----- Available data
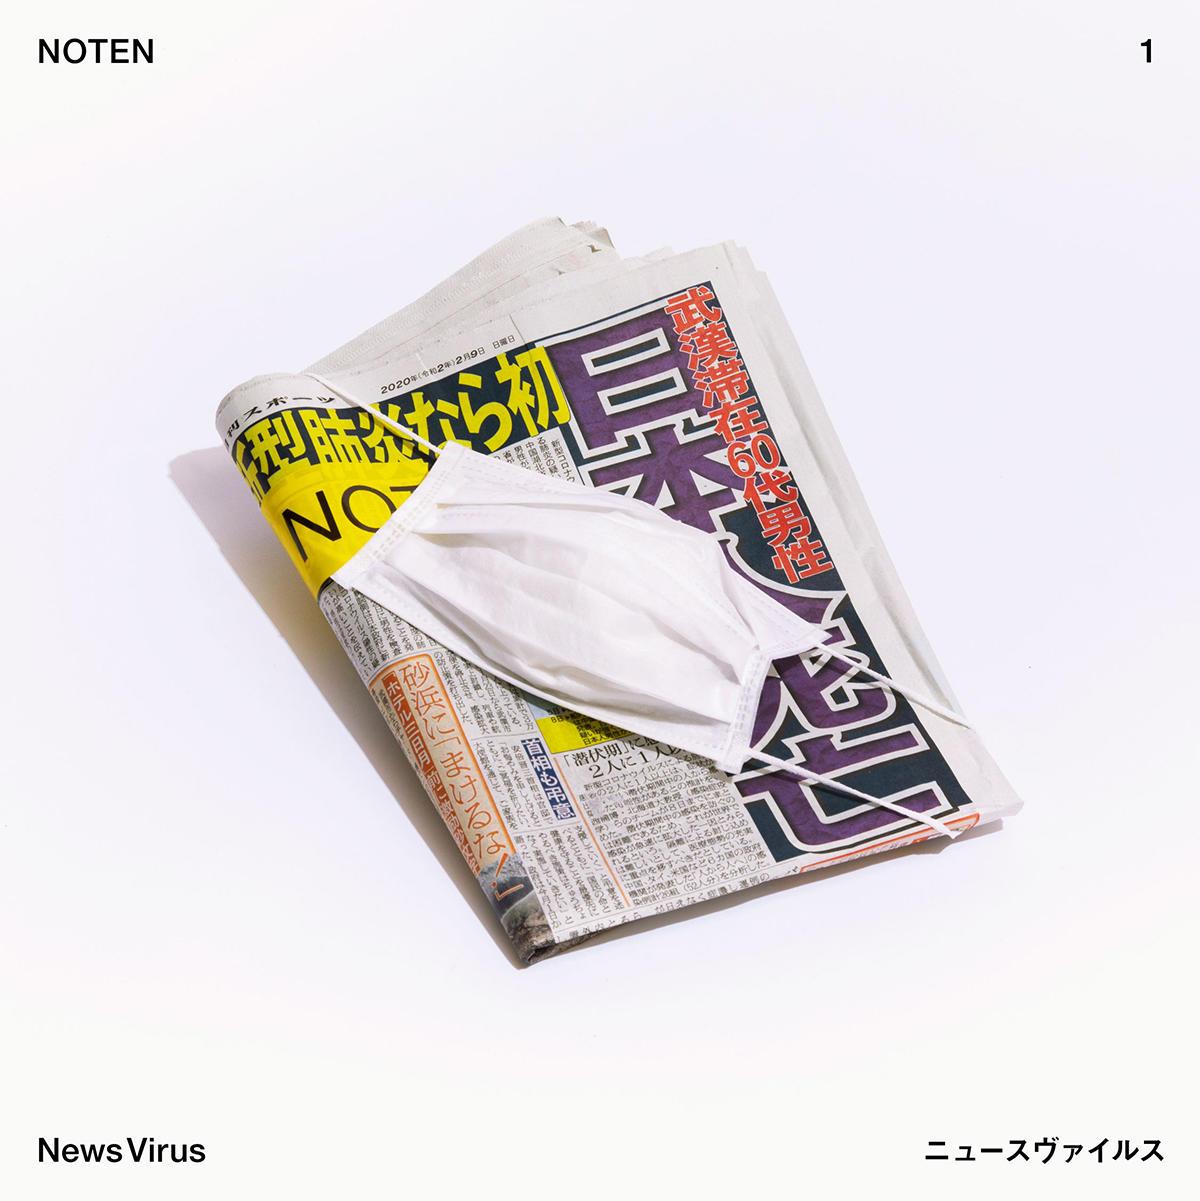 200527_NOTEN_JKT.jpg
----------
----- Available data
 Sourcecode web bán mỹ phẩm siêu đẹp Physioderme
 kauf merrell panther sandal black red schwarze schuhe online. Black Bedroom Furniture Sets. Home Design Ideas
----------
----- Available data
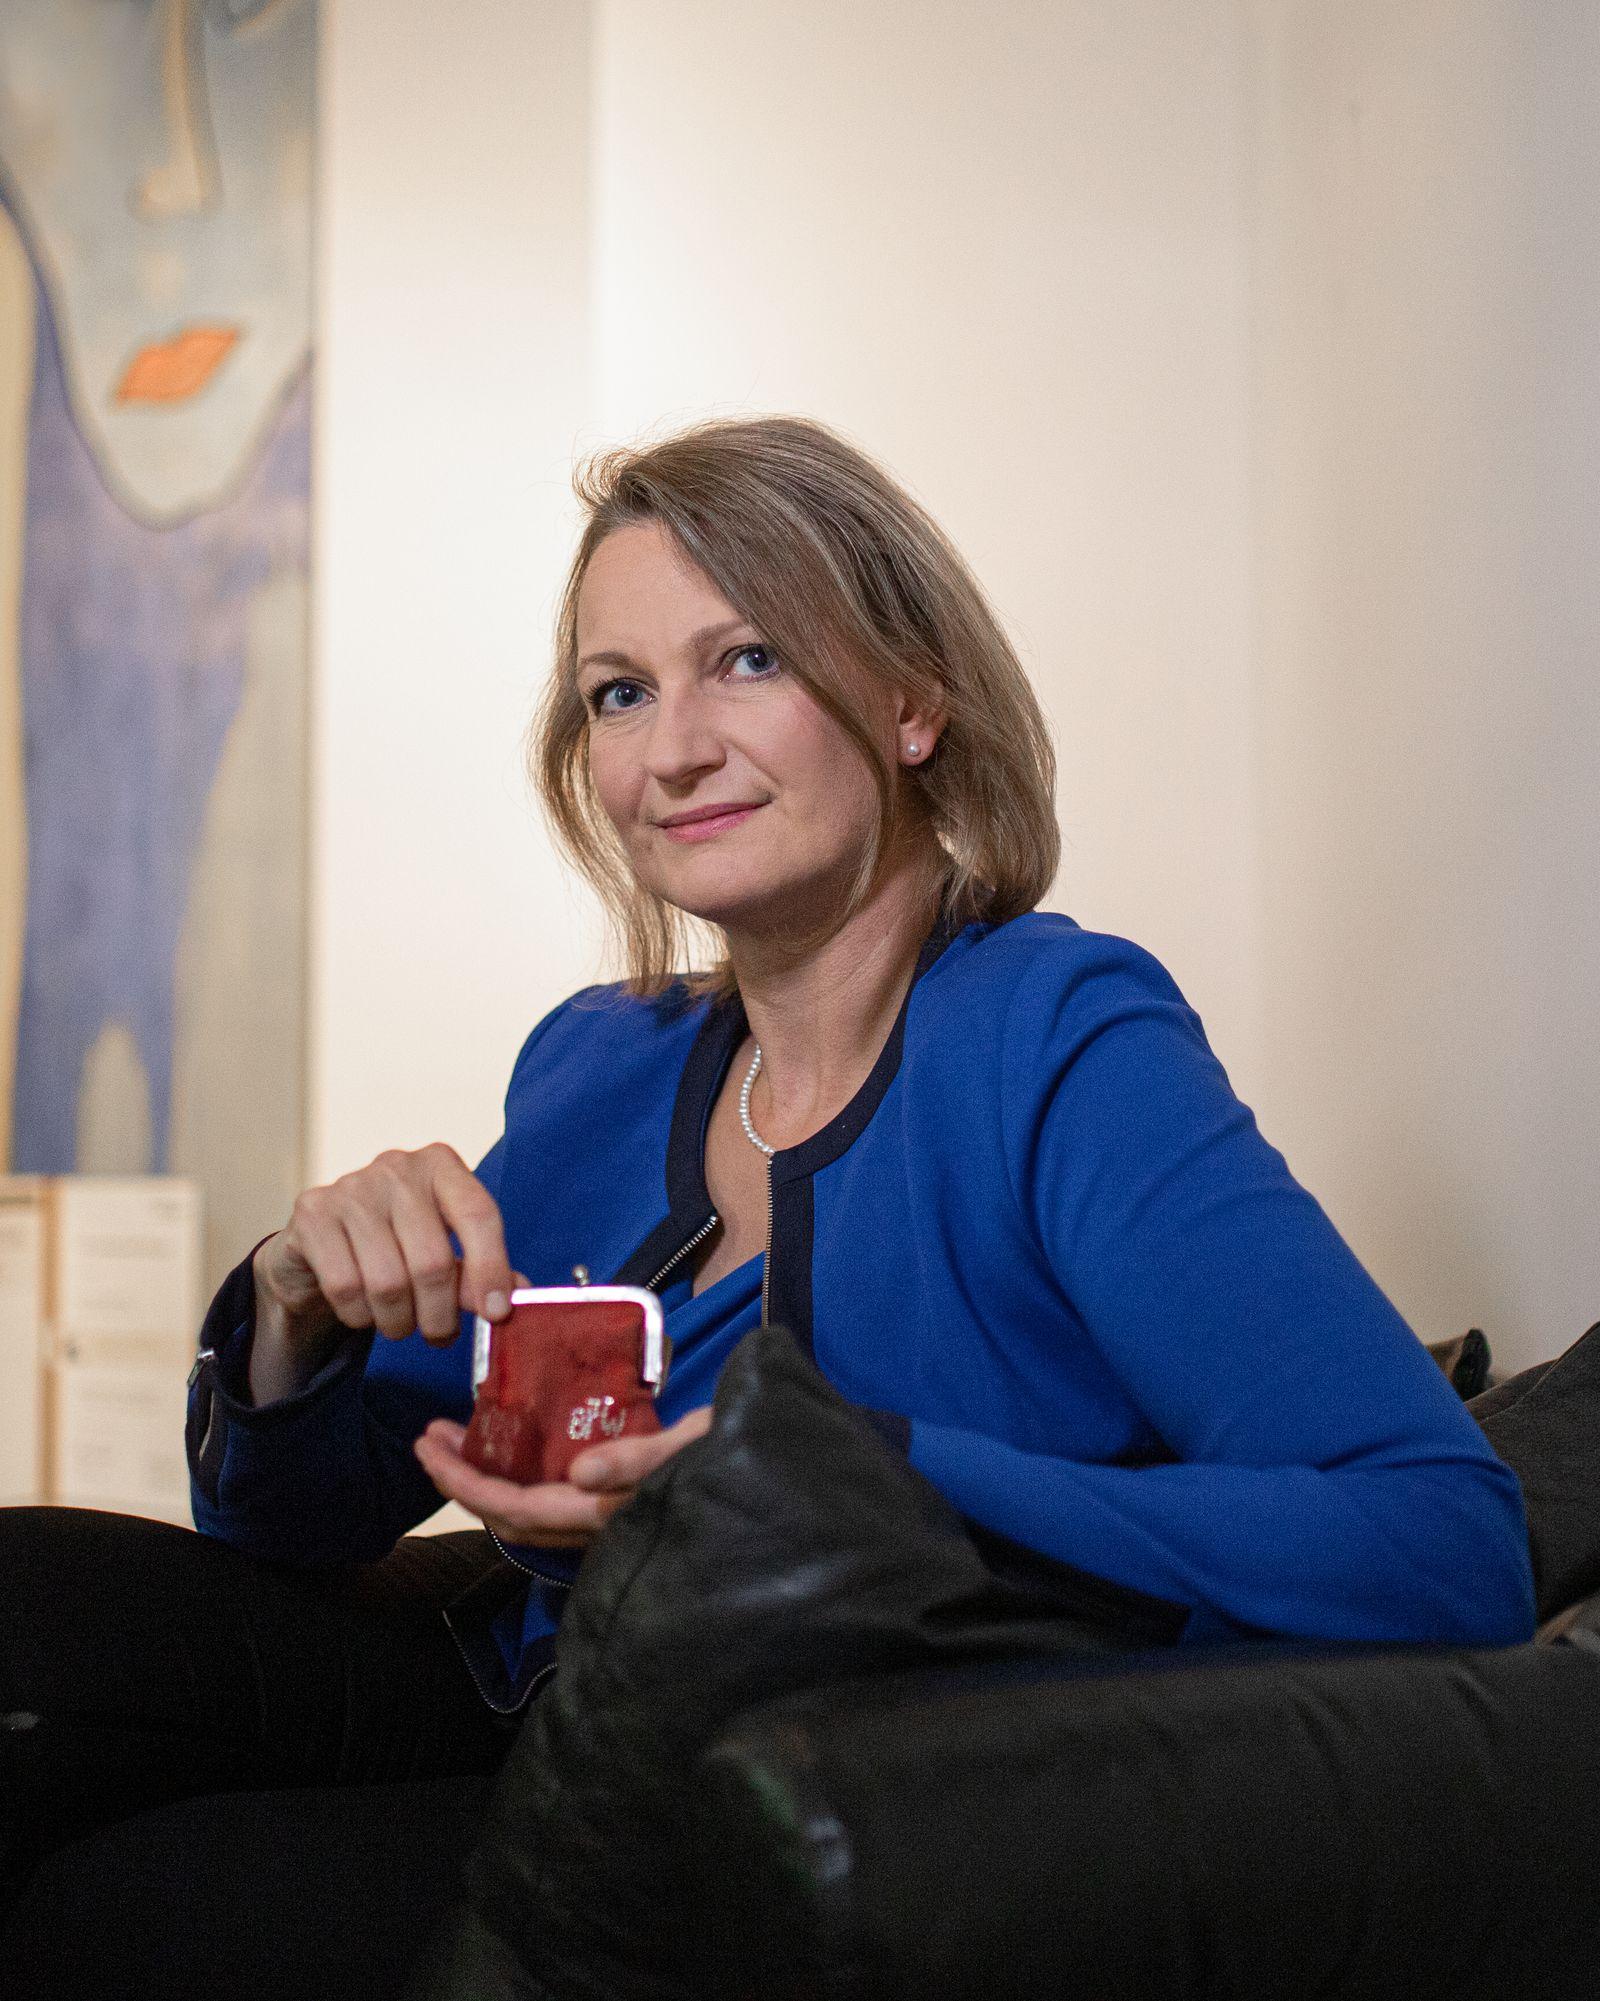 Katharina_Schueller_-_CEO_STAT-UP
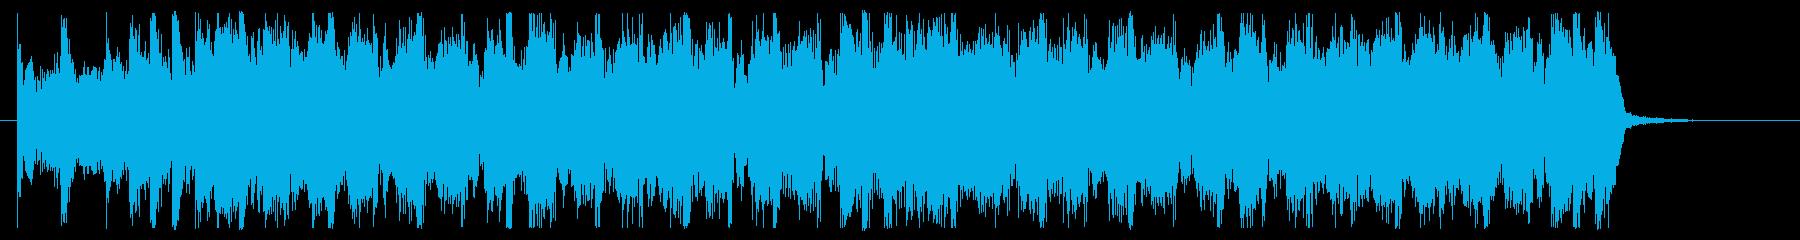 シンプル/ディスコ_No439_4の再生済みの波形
----------
• _Exercise_:
In the data above, find the line that contains "Sourcecode web bán" and the line that contains "kauf merrell panther". Repeat exactly those lines and every line between them, and only those.

• _Result_:
 Sourcecode web bán mỹ phẩm siêu đẹp Physioderme
 kauf merrell panther sandal black red schwarze schuhe online. Black Bedroom Furniture Sets. Home Design Ideas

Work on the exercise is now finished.